■ Task prompt:
The whole listing below must be printed again exactly, images excluded.

■ Data block:

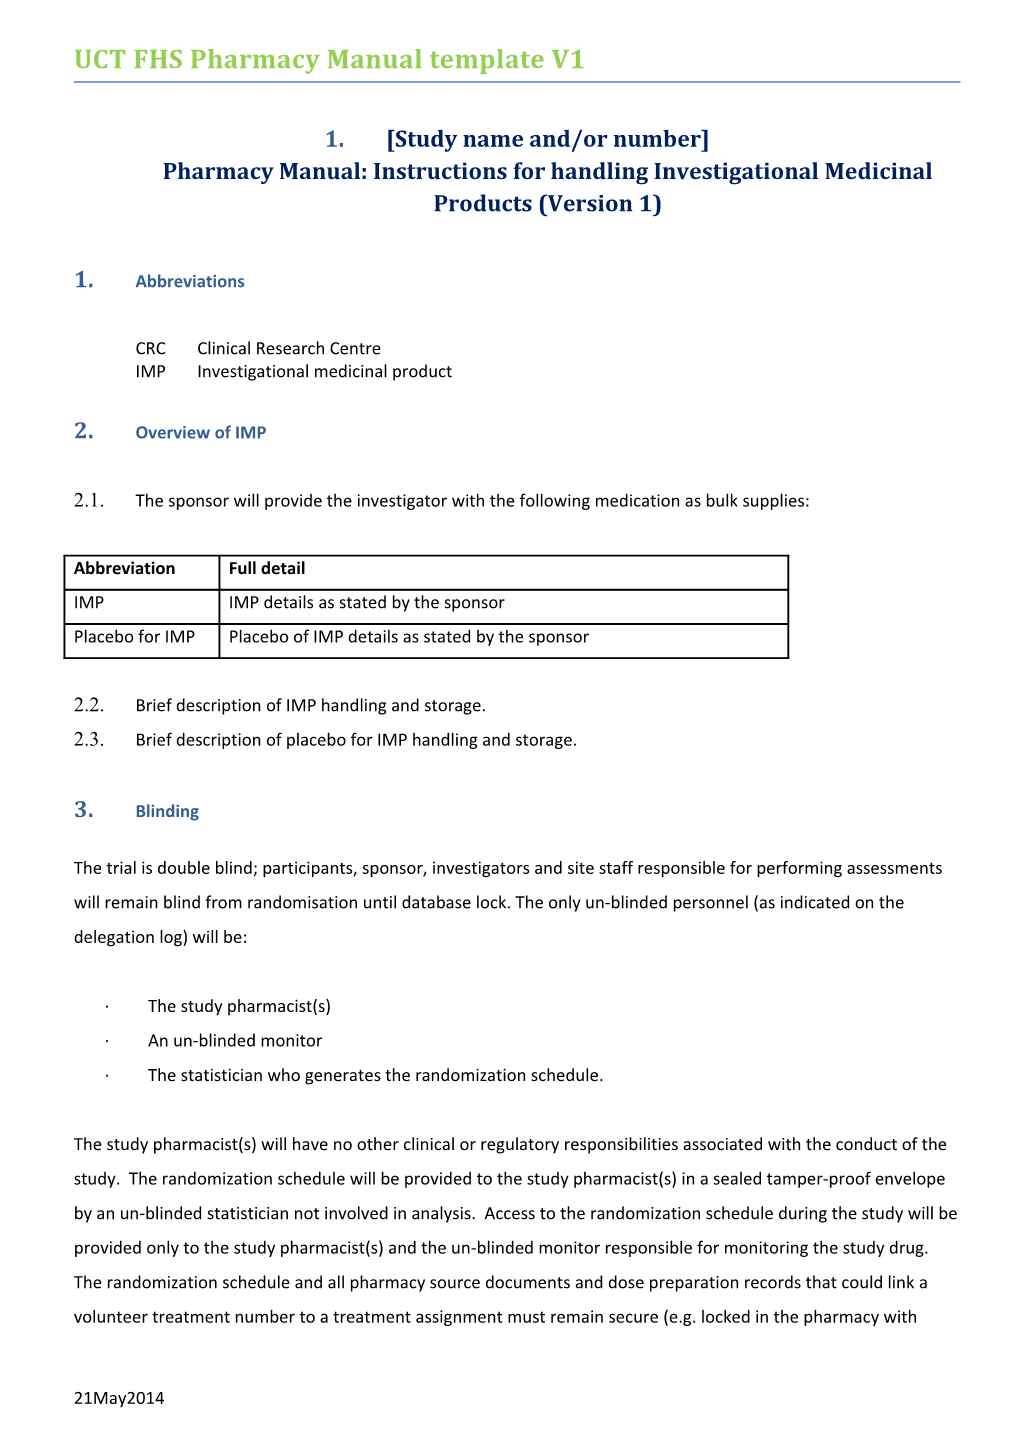 UCT FHS Pharmacy Manual Template V1
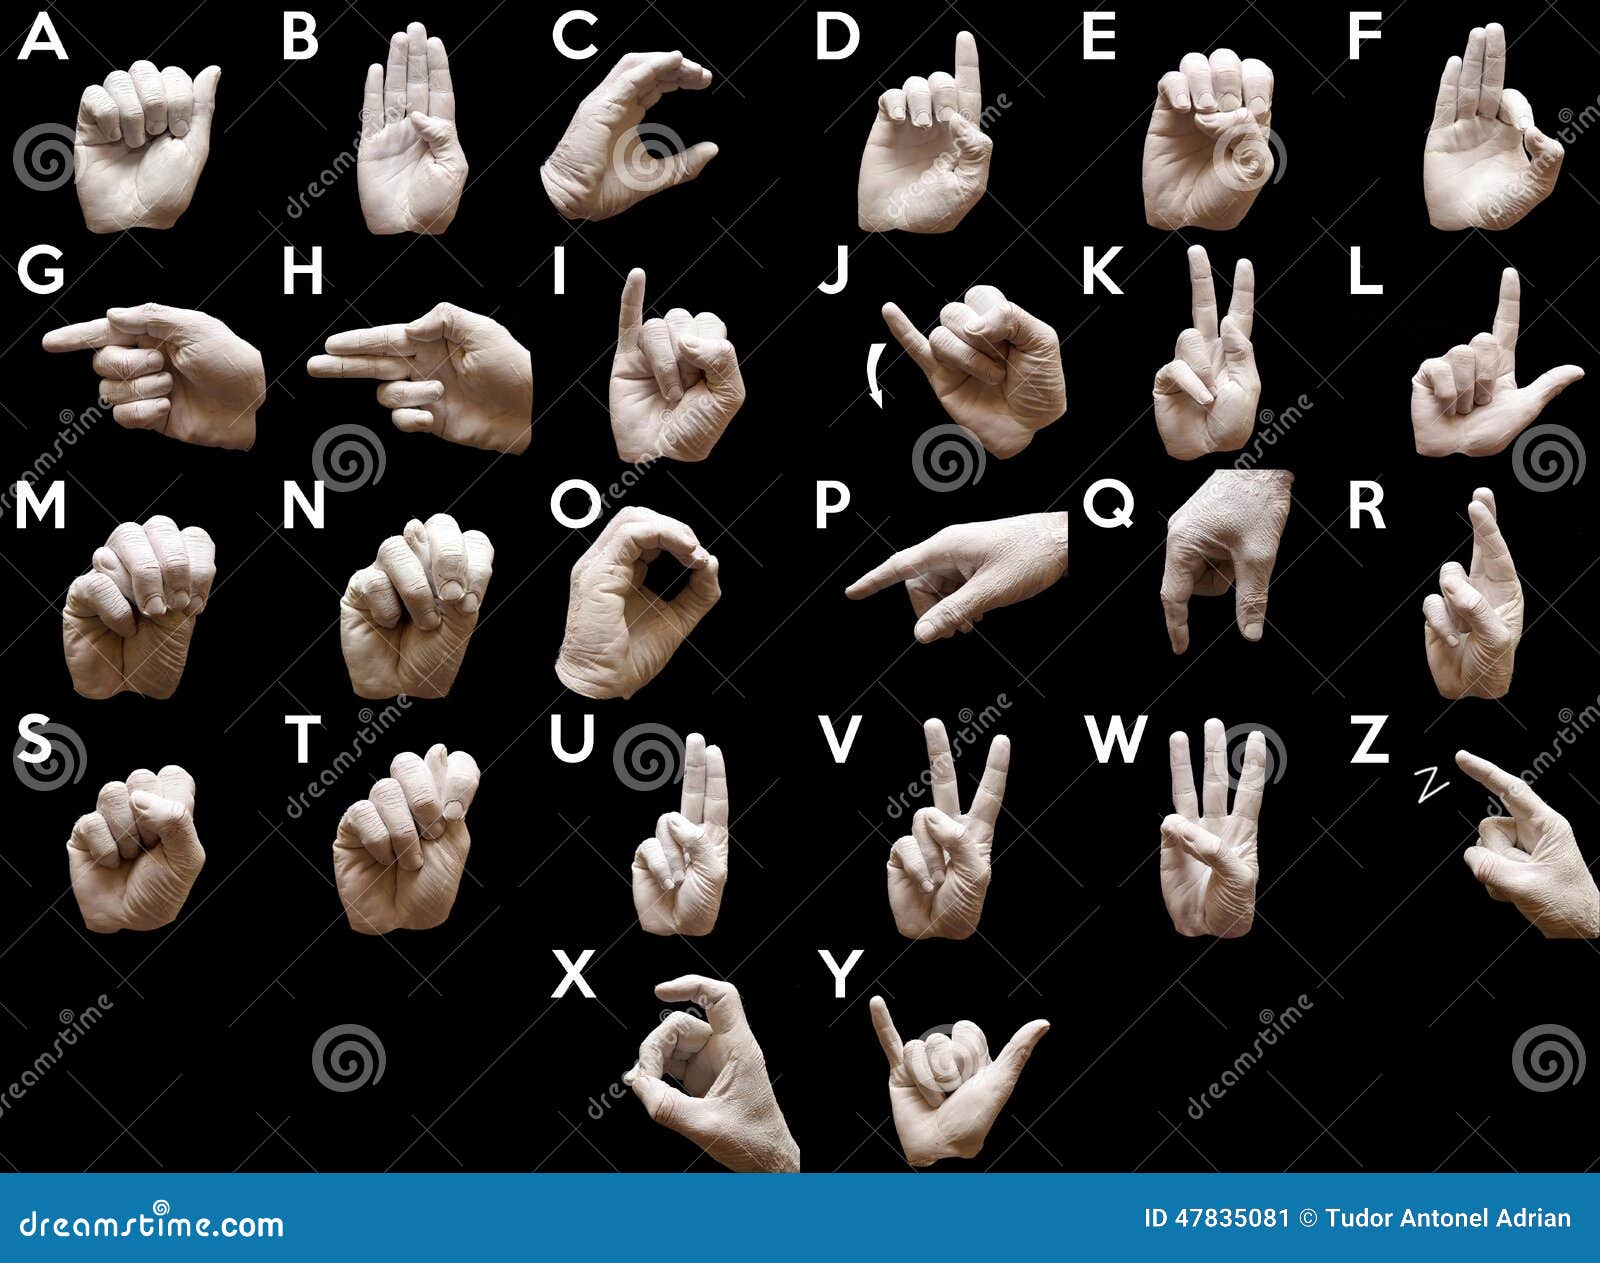 Глухой на английском. Язык жестов. Азбука жестов. Жестовый алфавит. Американский жестовый язык.
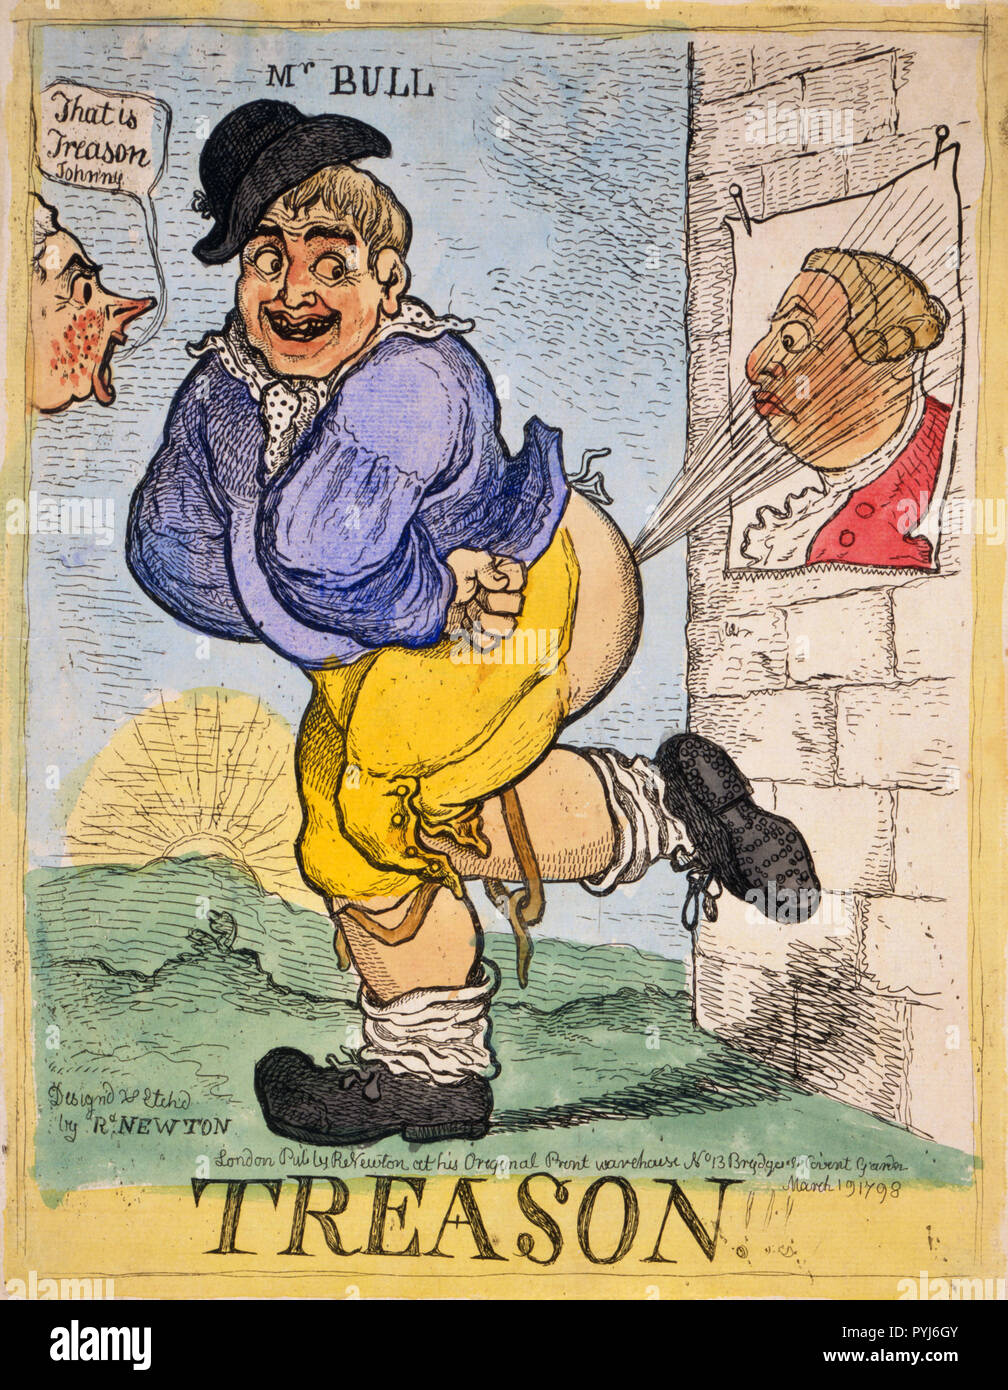 Eine stout, lächelnd John Bull leitet ein Knall von seinem hinteren Ende gegen ein Poster von König Georg III. an die Wand heftete. Das Bild der König sieht überrascht. Stockfoto

■ Response to this exercise:
 UCT FHS Pharmacy Manual Template V1
 Глухой на английском. Язык жестов. Азбука жестов. Жестовый алфавит. Американский жестовый язык.
 Eine stout, lächelnd John Bull leitet ein Knall von seinem hinteren Ende gegen ein Poster von König Georg III. an die Wand heftete. Das Bild der König sieht überrascht. Stockfoto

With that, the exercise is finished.